> [Records for the task]
══════

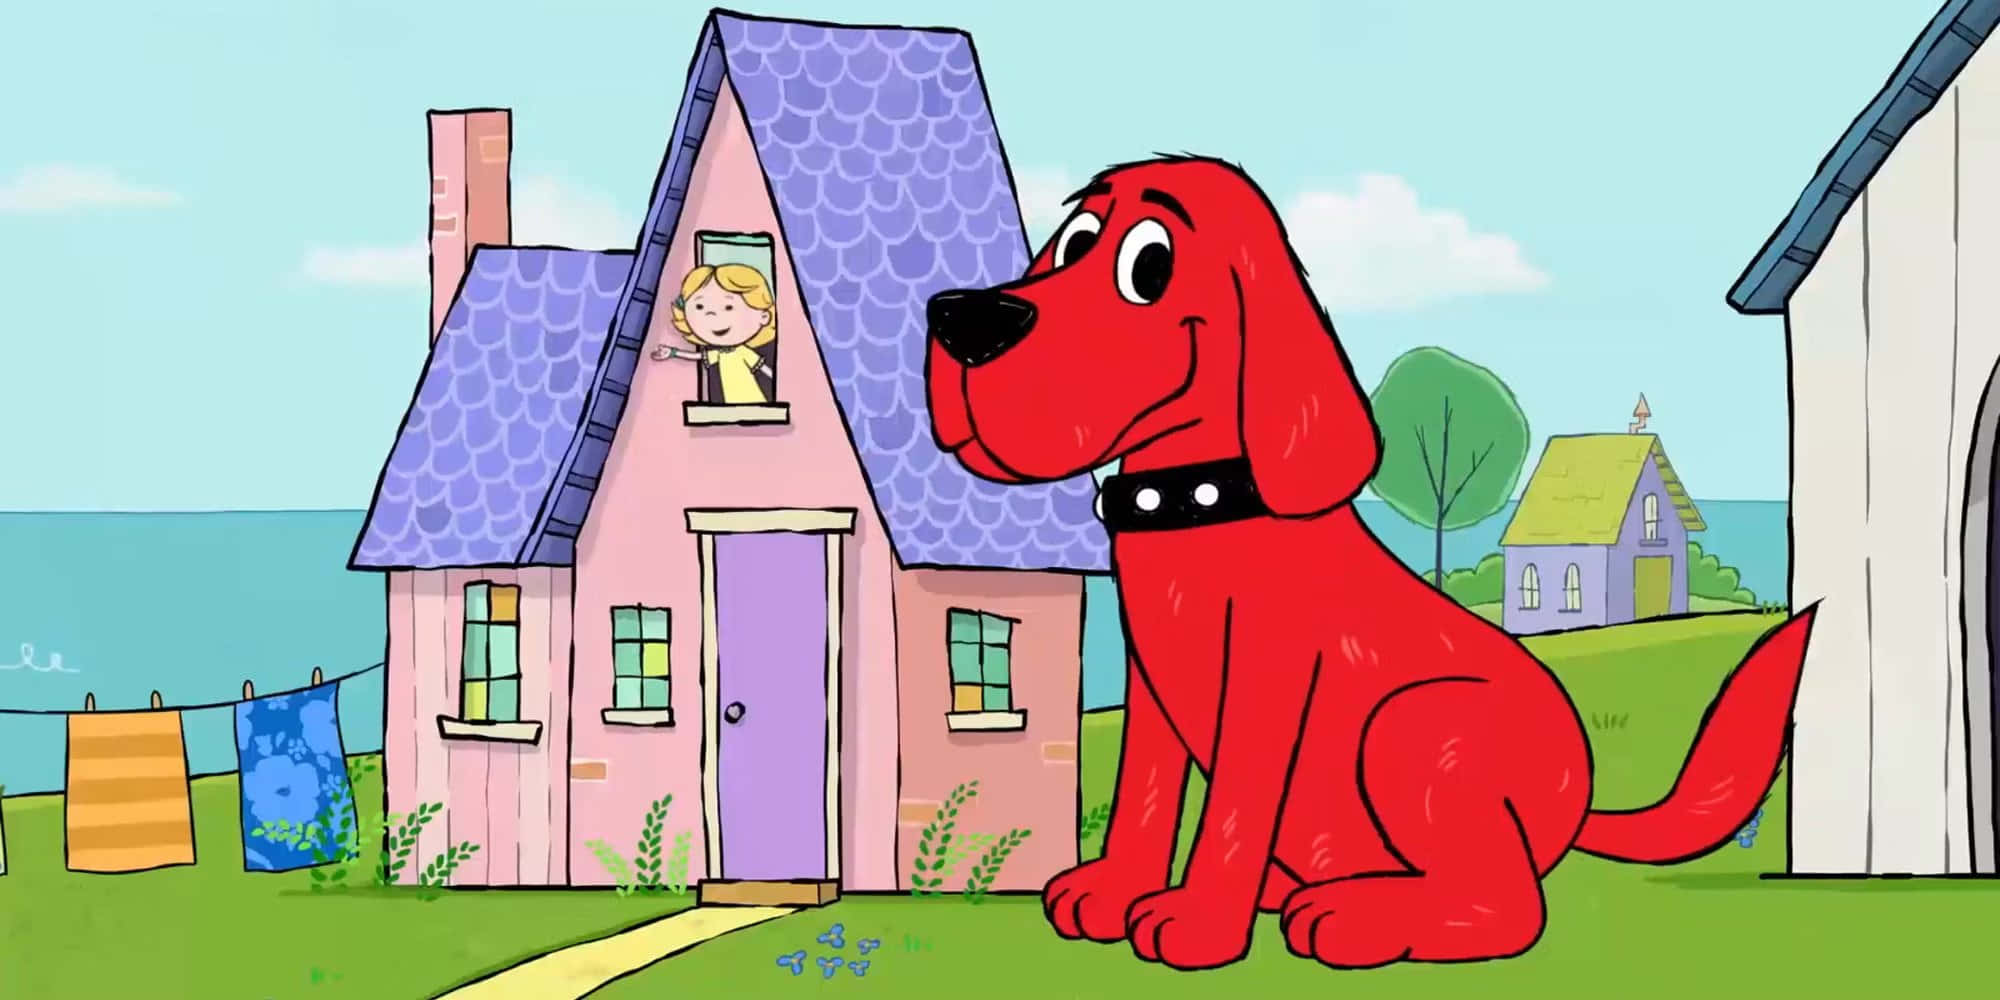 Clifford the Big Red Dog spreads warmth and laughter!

══════

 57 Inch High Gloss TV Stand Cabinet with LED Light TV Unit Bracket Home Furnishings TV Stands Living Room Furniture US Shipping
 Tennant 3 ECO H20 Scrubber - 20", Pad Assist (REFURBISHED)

══════

> [Task item] Beginning at the line above that contains "57 Inch High", return each line exactly through the line that contains "Tennant 3 ECO", and no others.

> [Task response]
 57 Inch High Gloss TV Stand Cabinet with LED Light TV Unit Bracket Home Furnishings TV Stands Living Room Furniture US Shipping
 Tennant 3 ECO H20 Scrubber - 20", Pad Assist (REFURBISHED)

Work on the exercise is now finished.